* **THE DATA**:
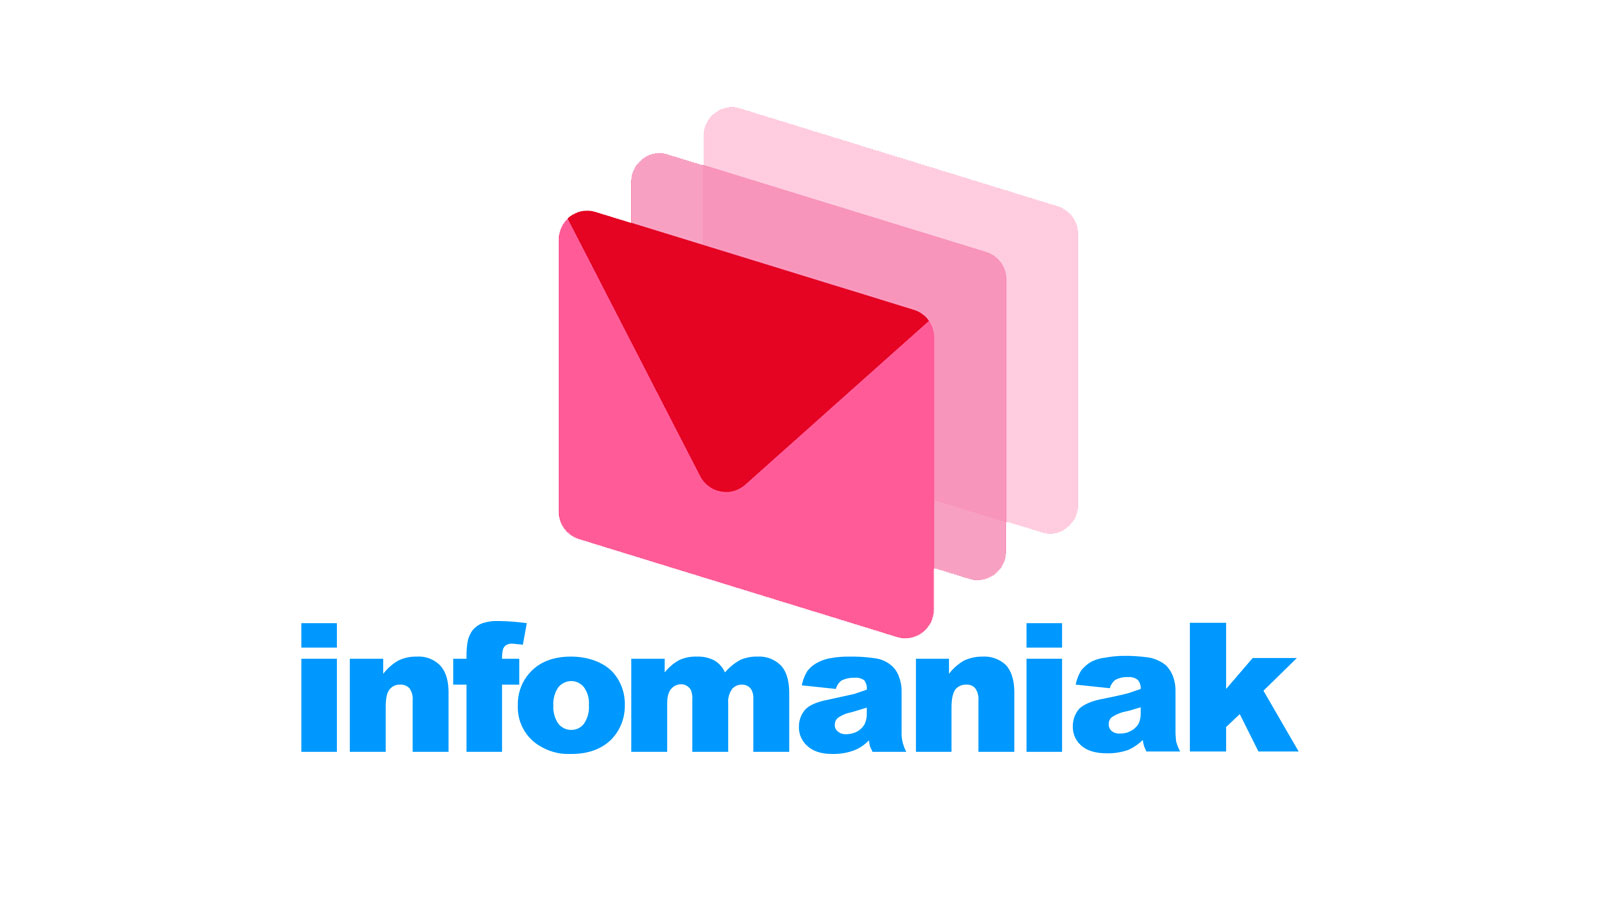 En 2022 Infomaniak redoublera d'efforts pour contrer Google, Microsoft et cie
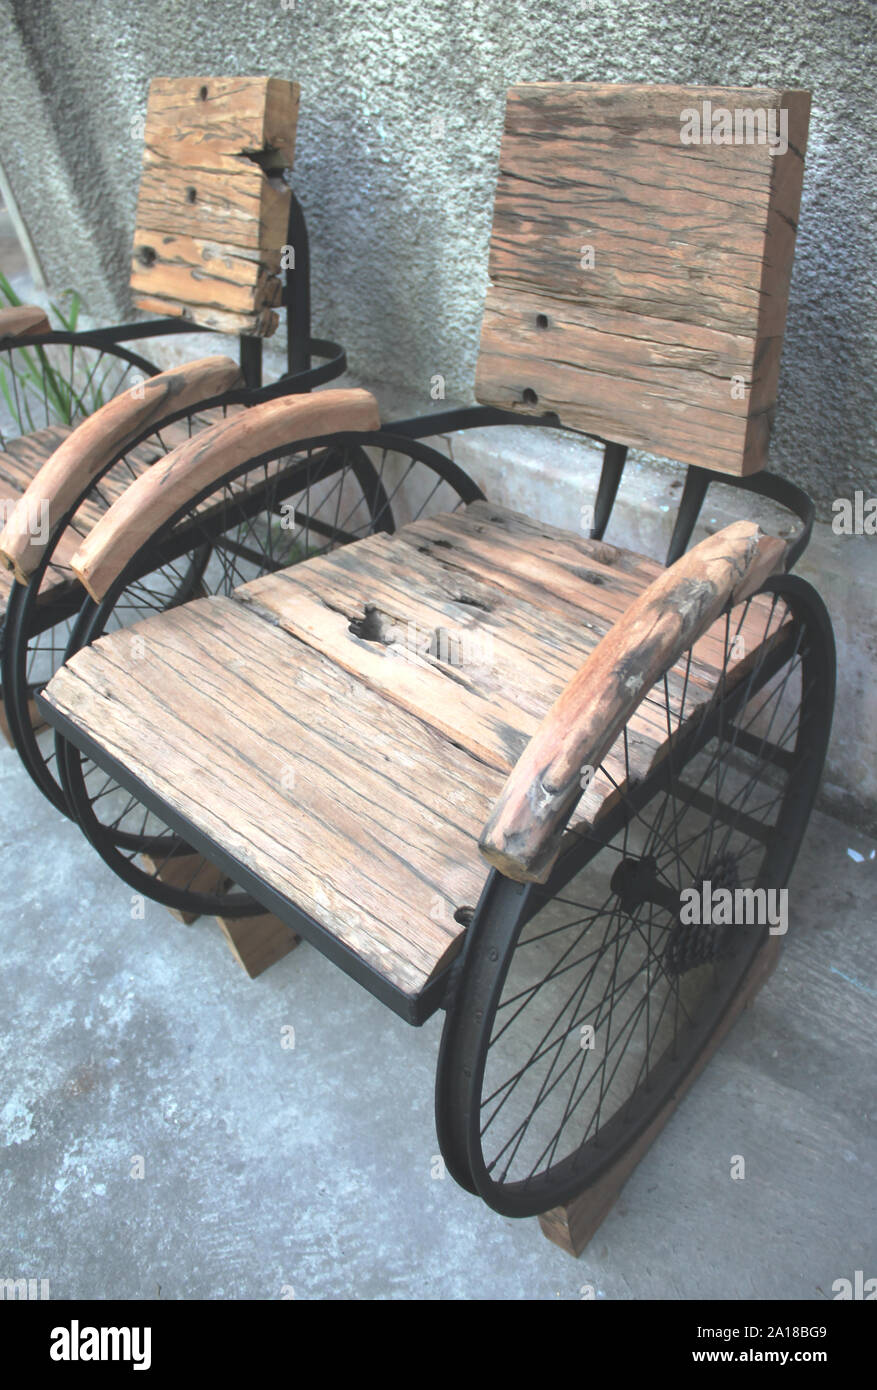 Una combinación de muebles antiguos de madera y sillas de hierro hechas de bienes usados Foto de stock
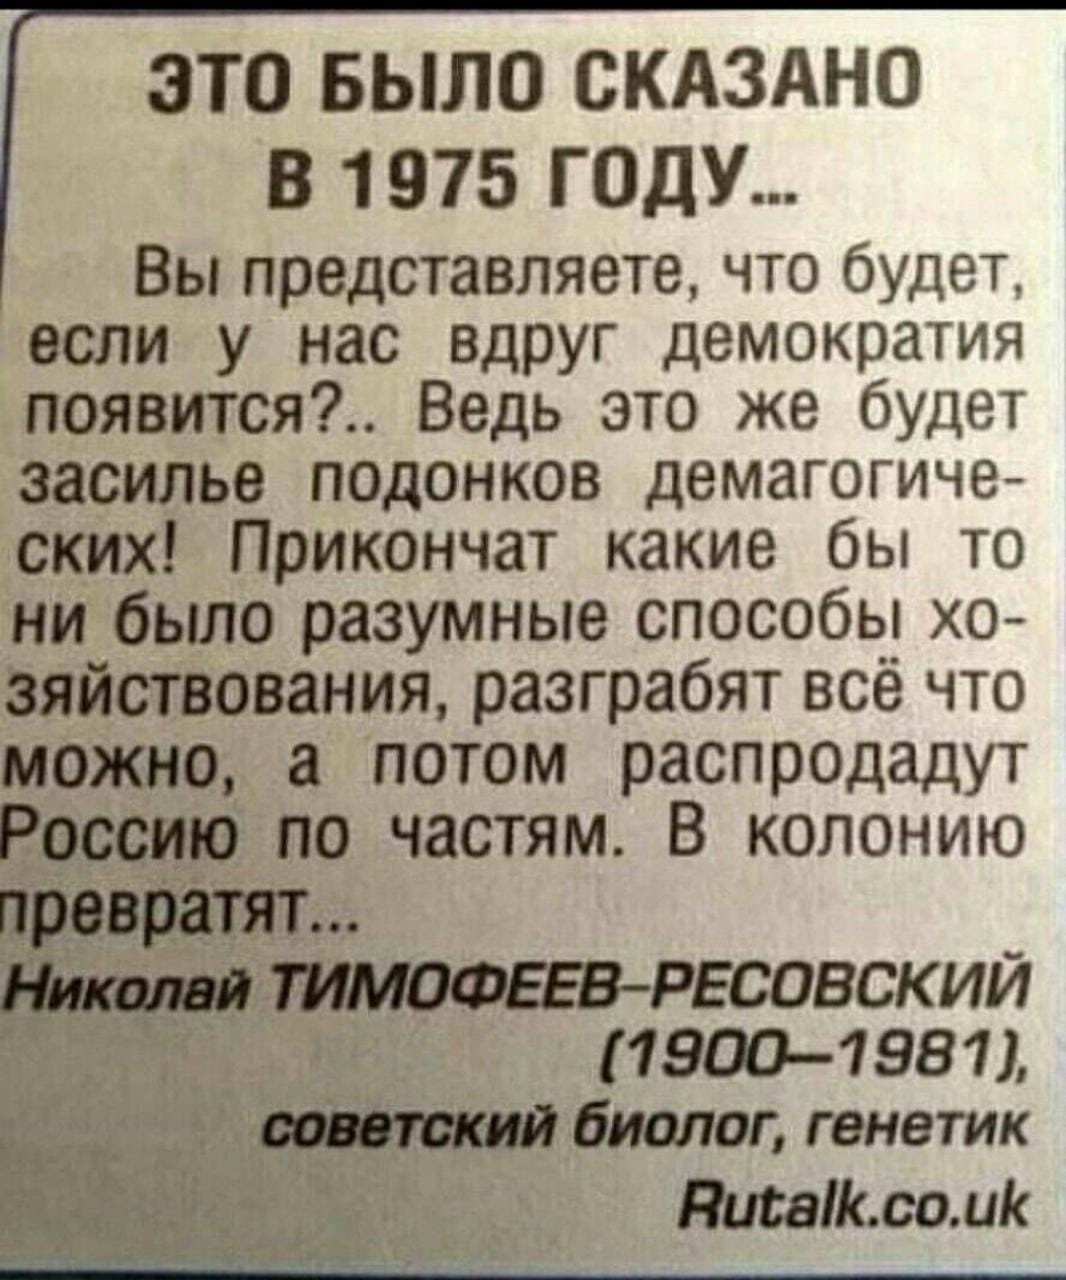 Как в воду глядел это. Это было сказано в 1975 году. Тимофеев-Ресовский о демократии. Это было сказано в 1975 году Тимофеев-Ресовский.

* **WHAT TO PRODUCE**: The line containing "Una combinación de" and each line after it through the end of the listing above are to be written out exactly, without the pictures.

* **COMPLETED EXERCISE**:
 Una combinación de muebles antiguos de madera y sillas de hierro hechas de bienes usados Foto de stock
 Как в воду глядел это. Это было сказано в 1975 году. Тимофеев-Ресовский о демократии. Это было сказано в 1975 году Тимофеев-Ресовский.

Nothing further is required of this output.